Start of SUPPLIED MATERIAL

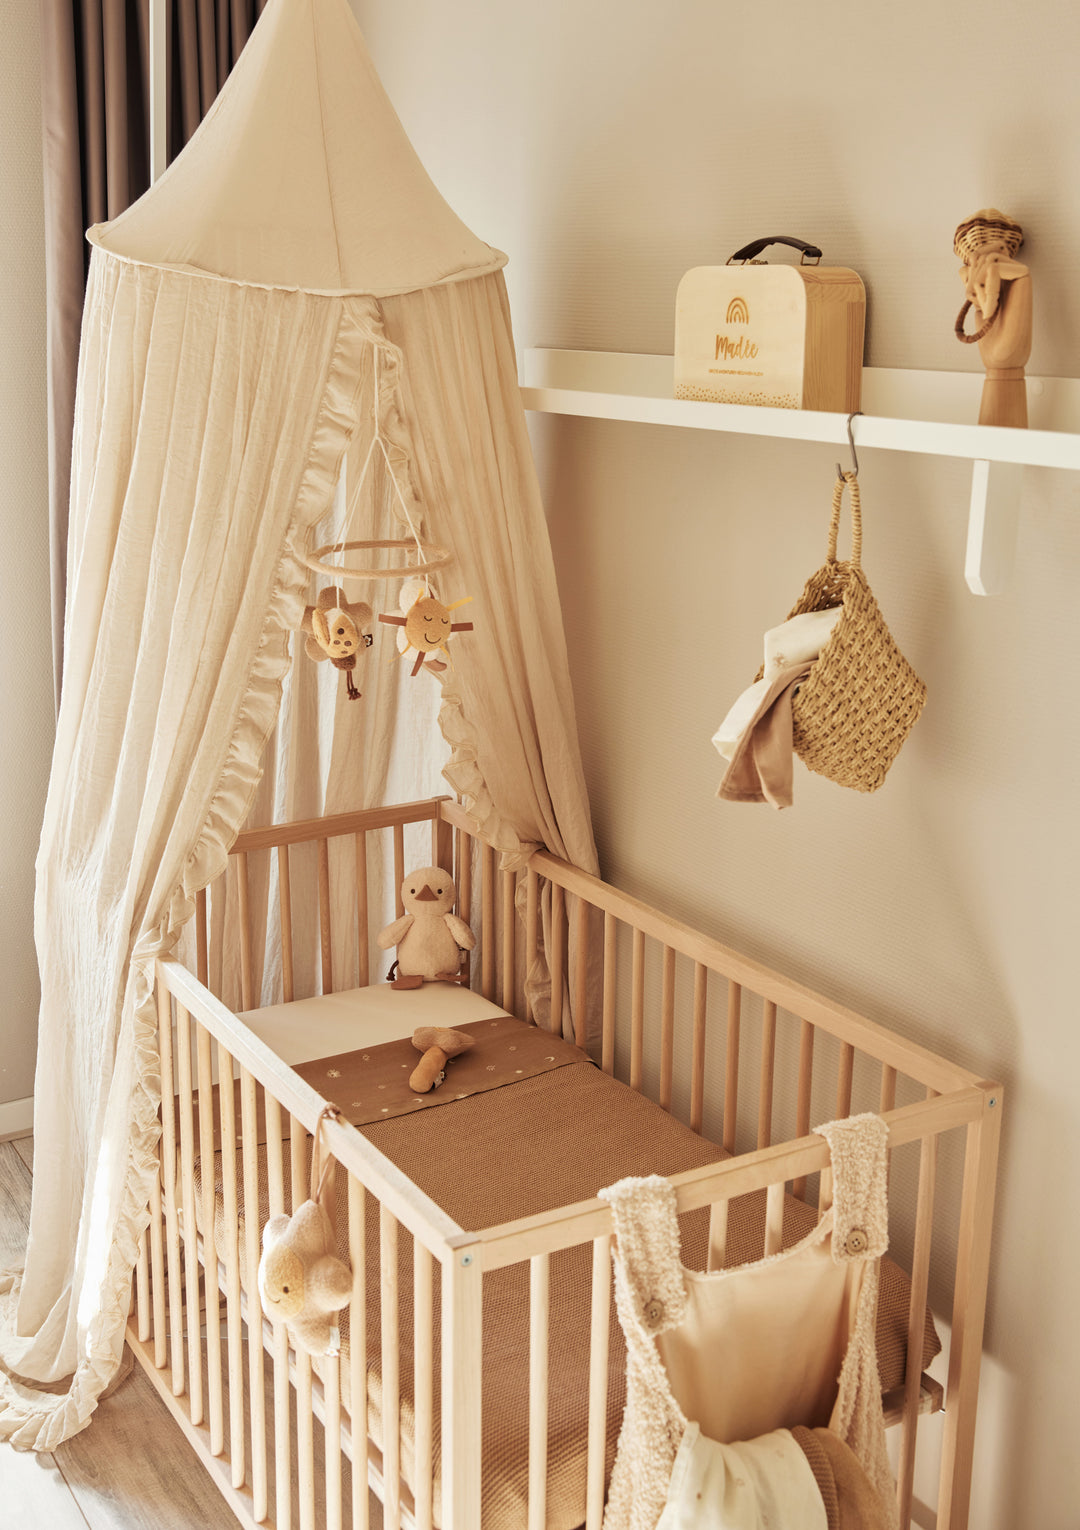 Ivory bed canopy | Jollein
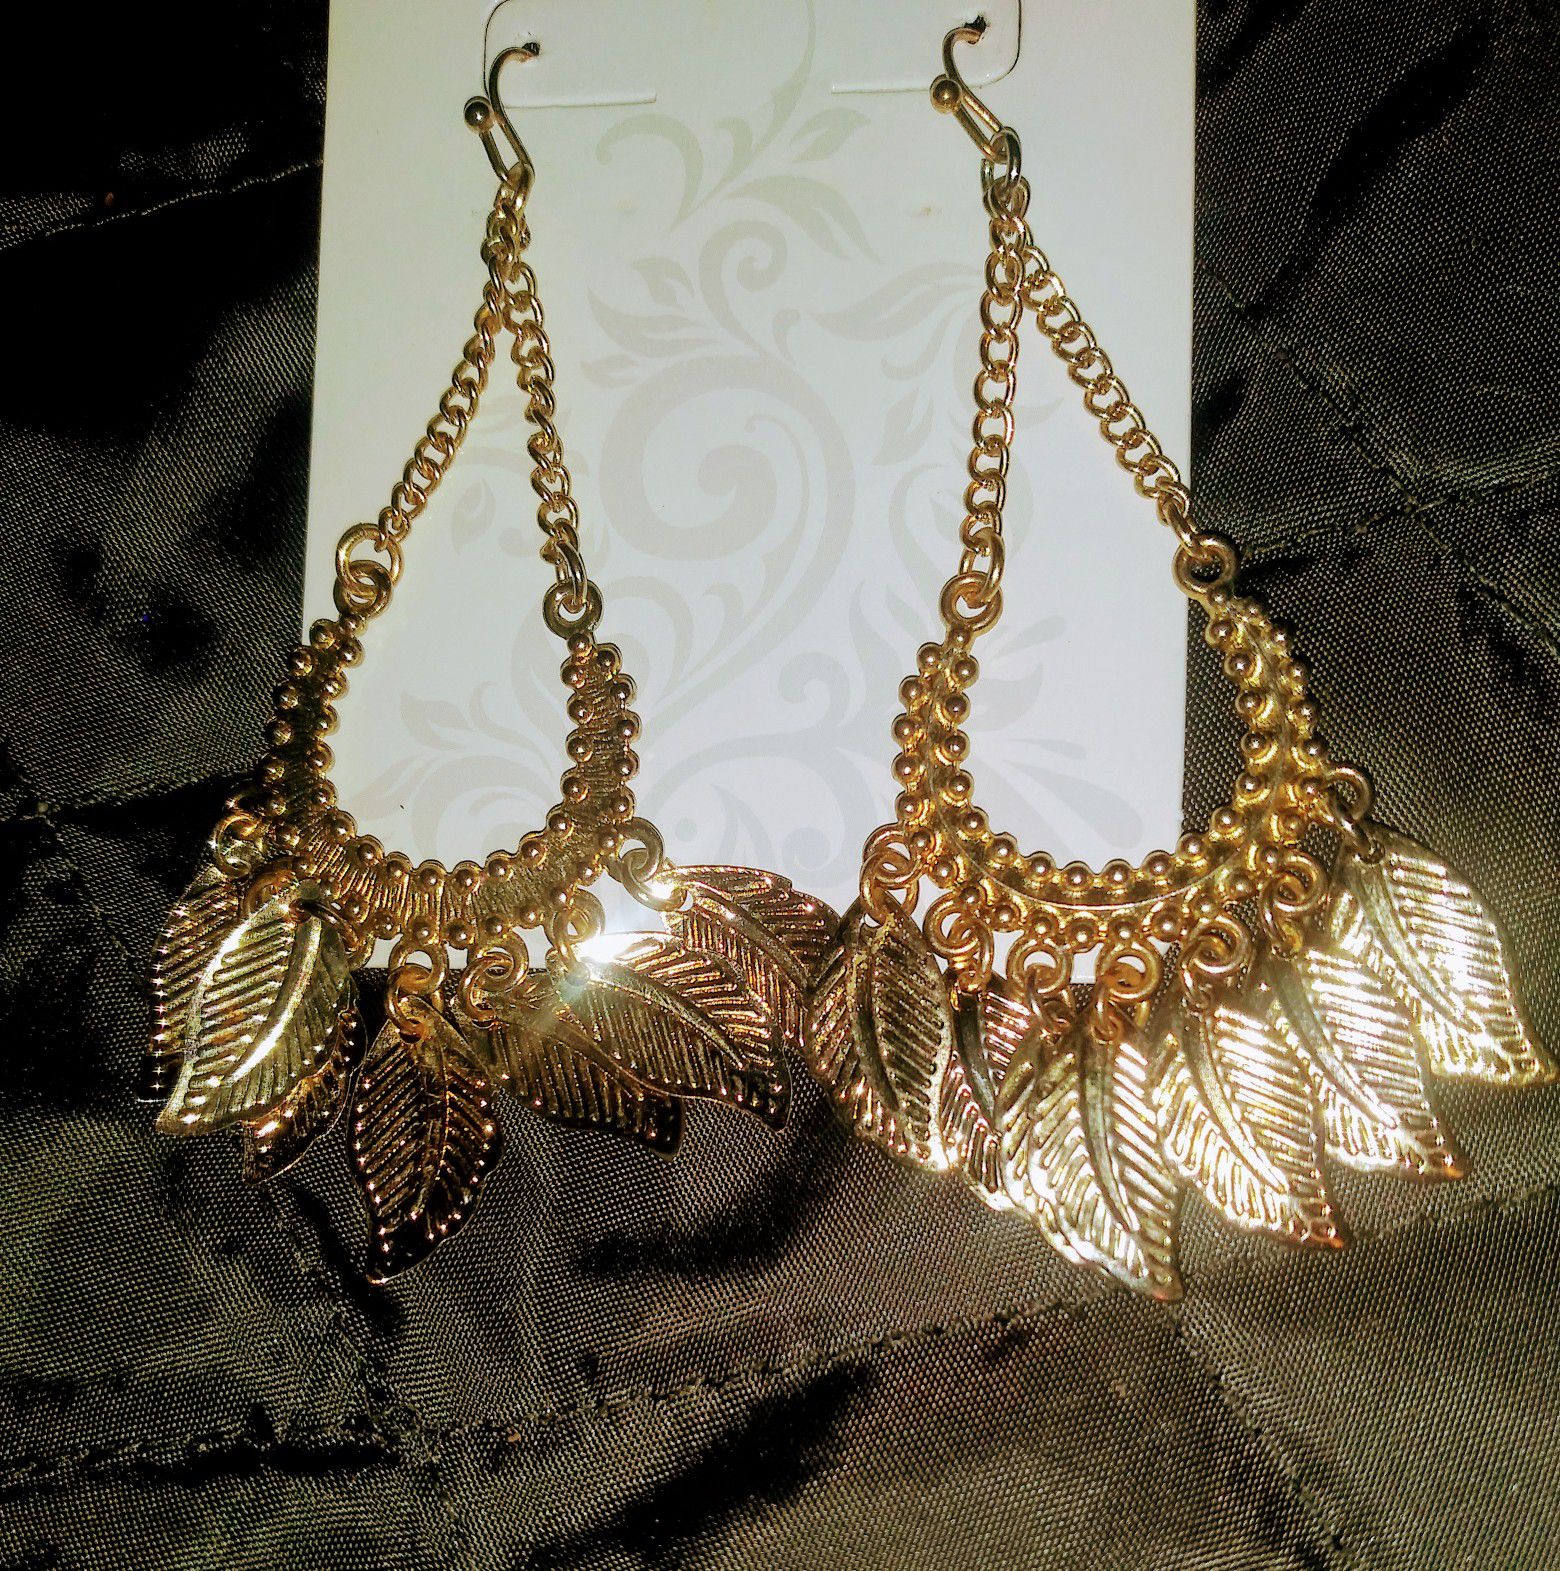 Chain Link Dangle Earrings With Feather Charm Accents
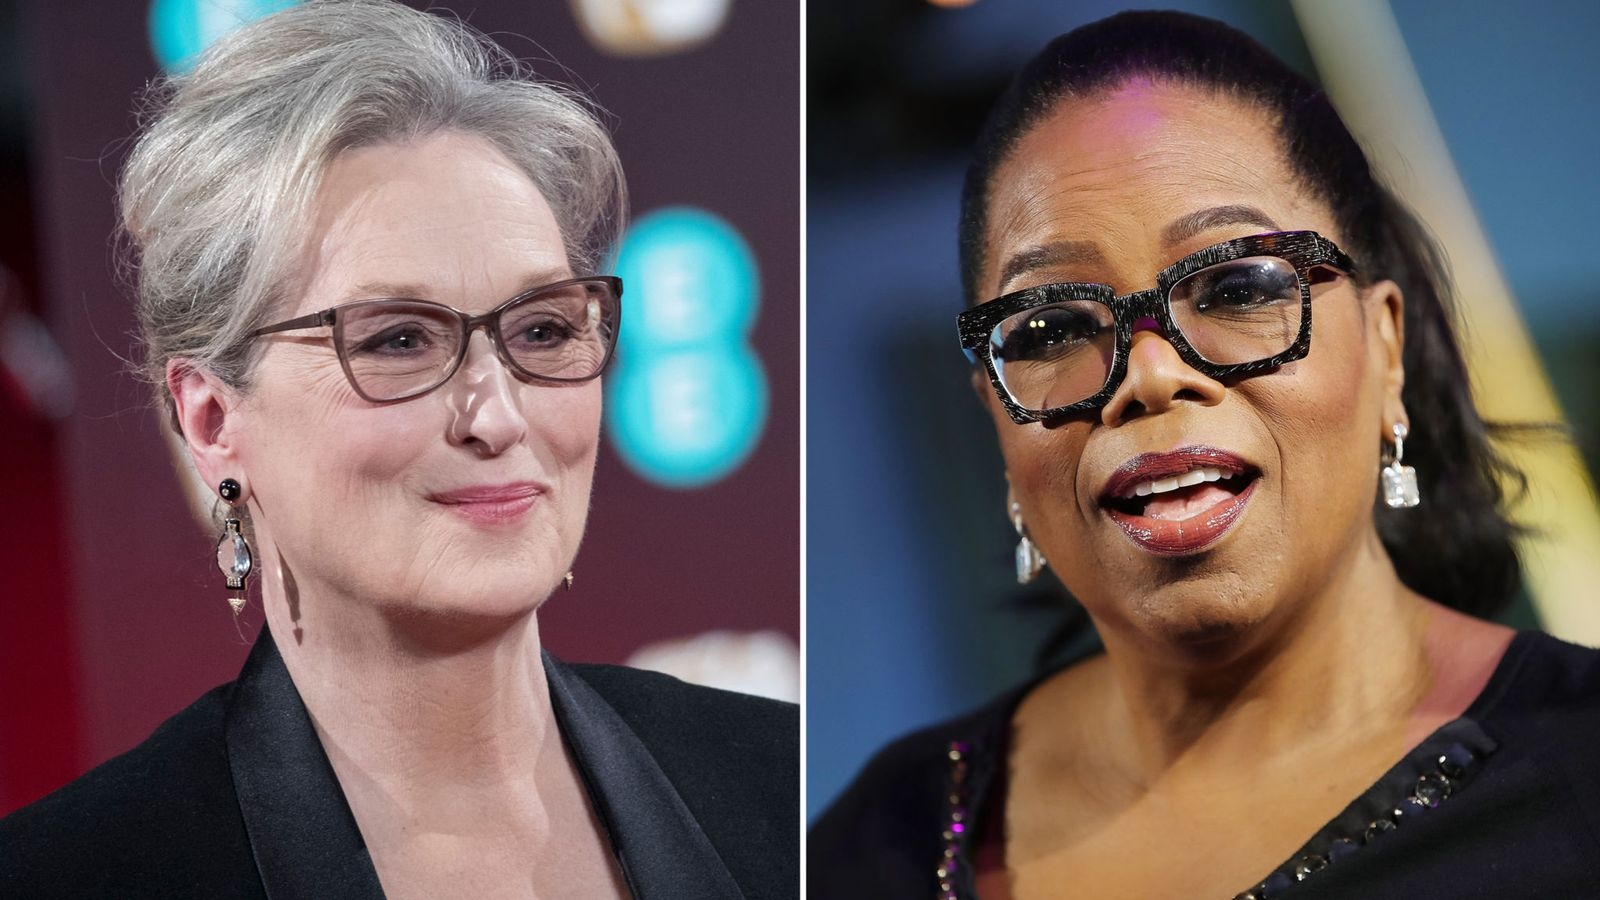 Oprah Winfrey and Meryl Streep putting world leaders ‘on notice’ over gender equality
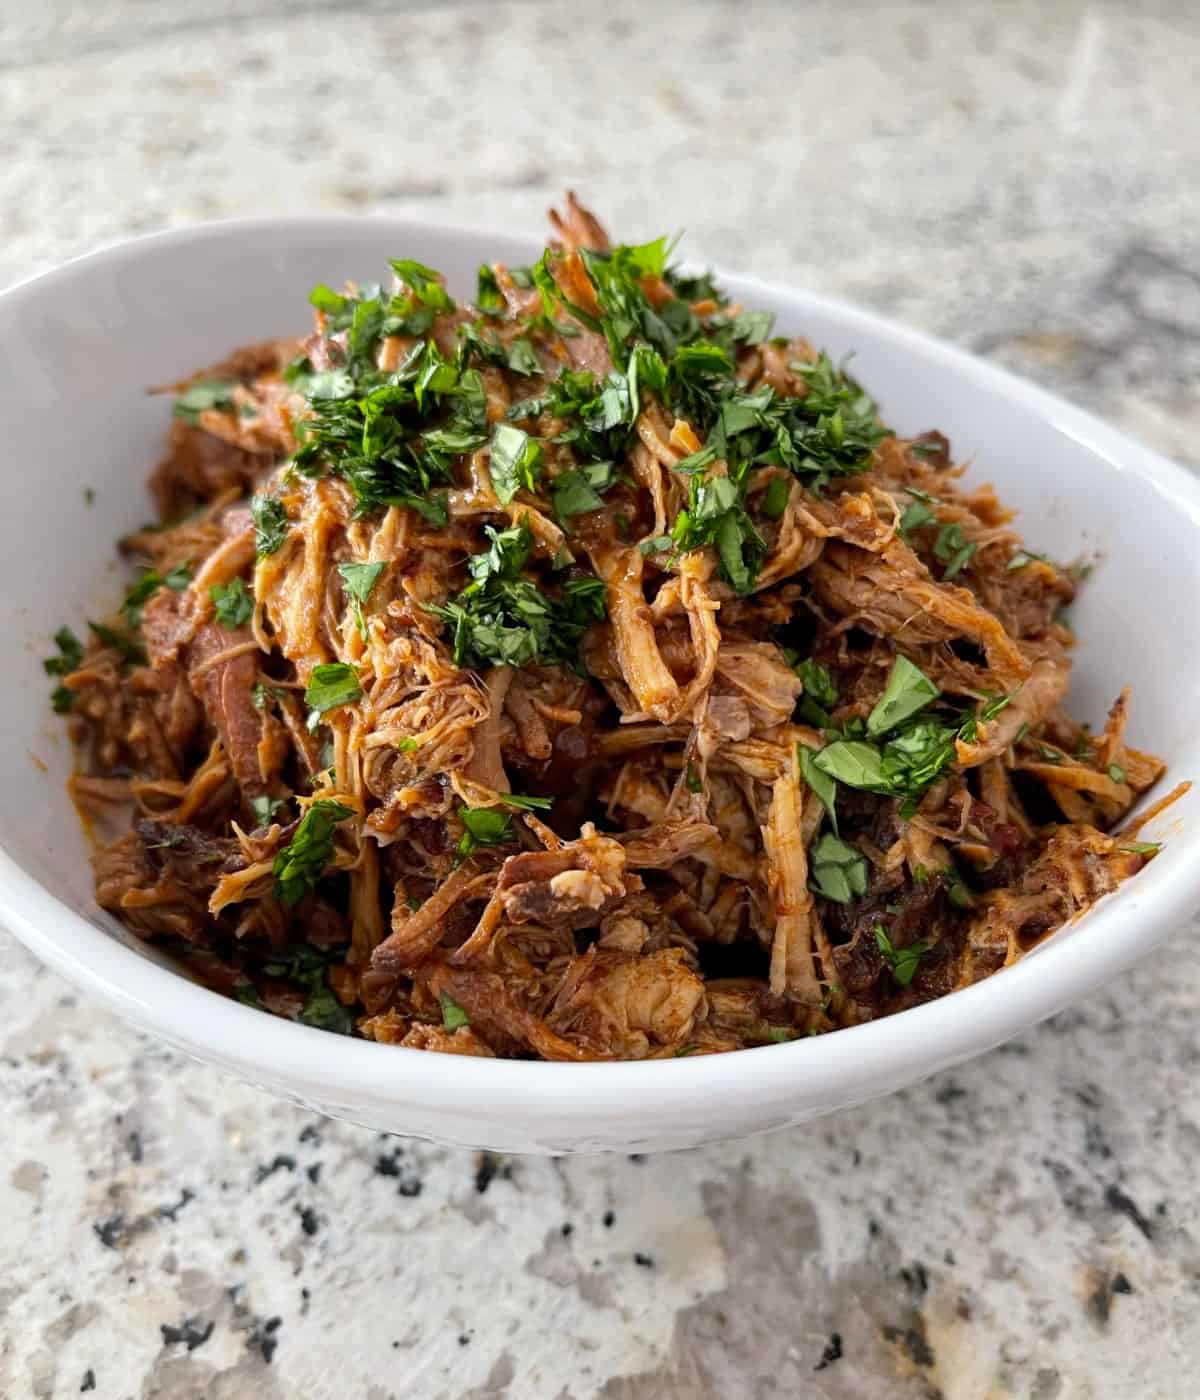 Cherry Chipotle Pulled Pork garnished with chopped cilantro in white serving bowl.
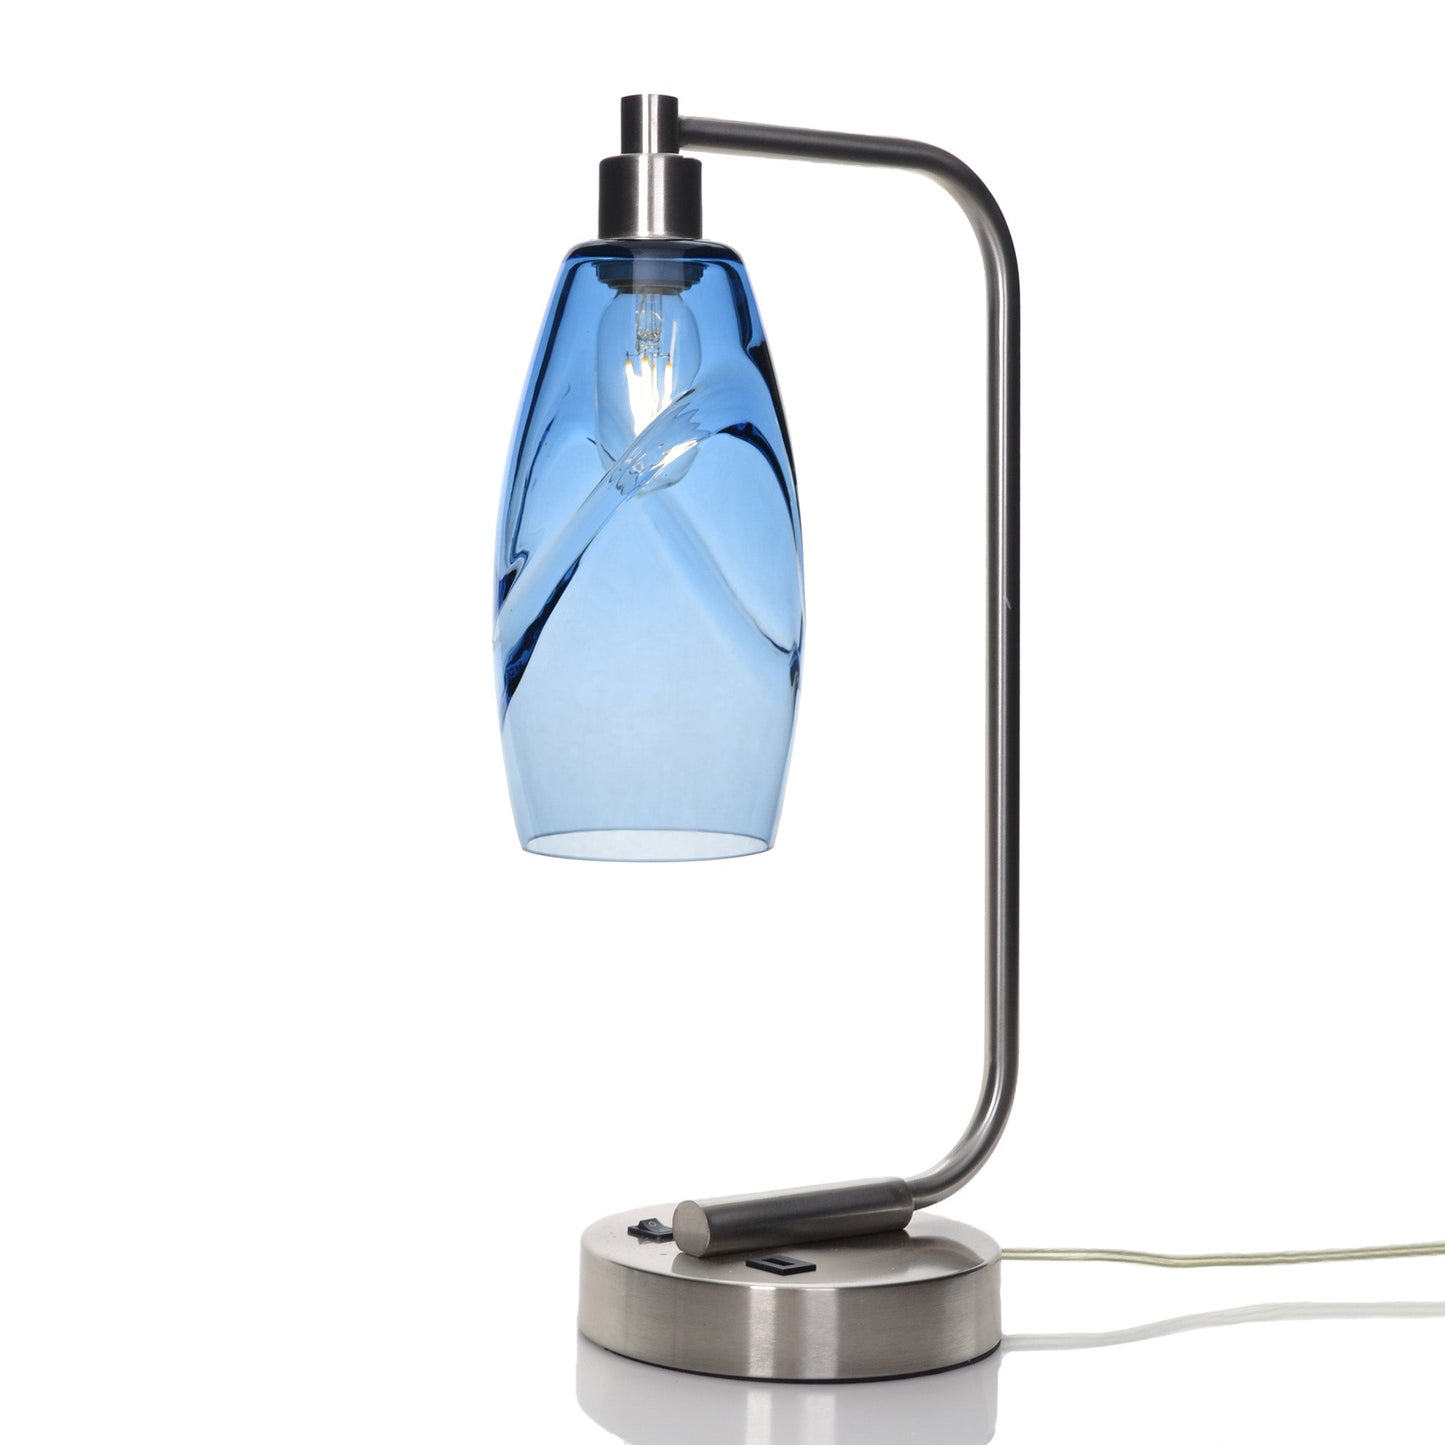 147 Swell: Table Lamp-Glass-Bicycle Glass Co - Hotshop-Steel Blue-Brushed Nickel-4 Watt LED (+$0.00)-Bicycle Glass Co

End of SUPPLIED MATERIAL

■ EXERCISE ■
Output each record above word for word, leaving out images.

■ RESULT OF THE EXERCISE ■
 Ivory bed canopy | Jollein
 Chain Link Dangle Earrings With Feather Charm Accents
 Oprah Winfrey and Meryl Streep putting world leaders ‘on notice’ over gender equality
 Cherry Chipotle Pulled Pork garnished with chopped cilantro in white serving bowl.
 147 Swell: Table Lamp-Glass-Bicycle Glass Co - Hotshop-Steel Blue-Brushed Nickel-4 Watt LED (+$0.00)-Bicycle Glass Co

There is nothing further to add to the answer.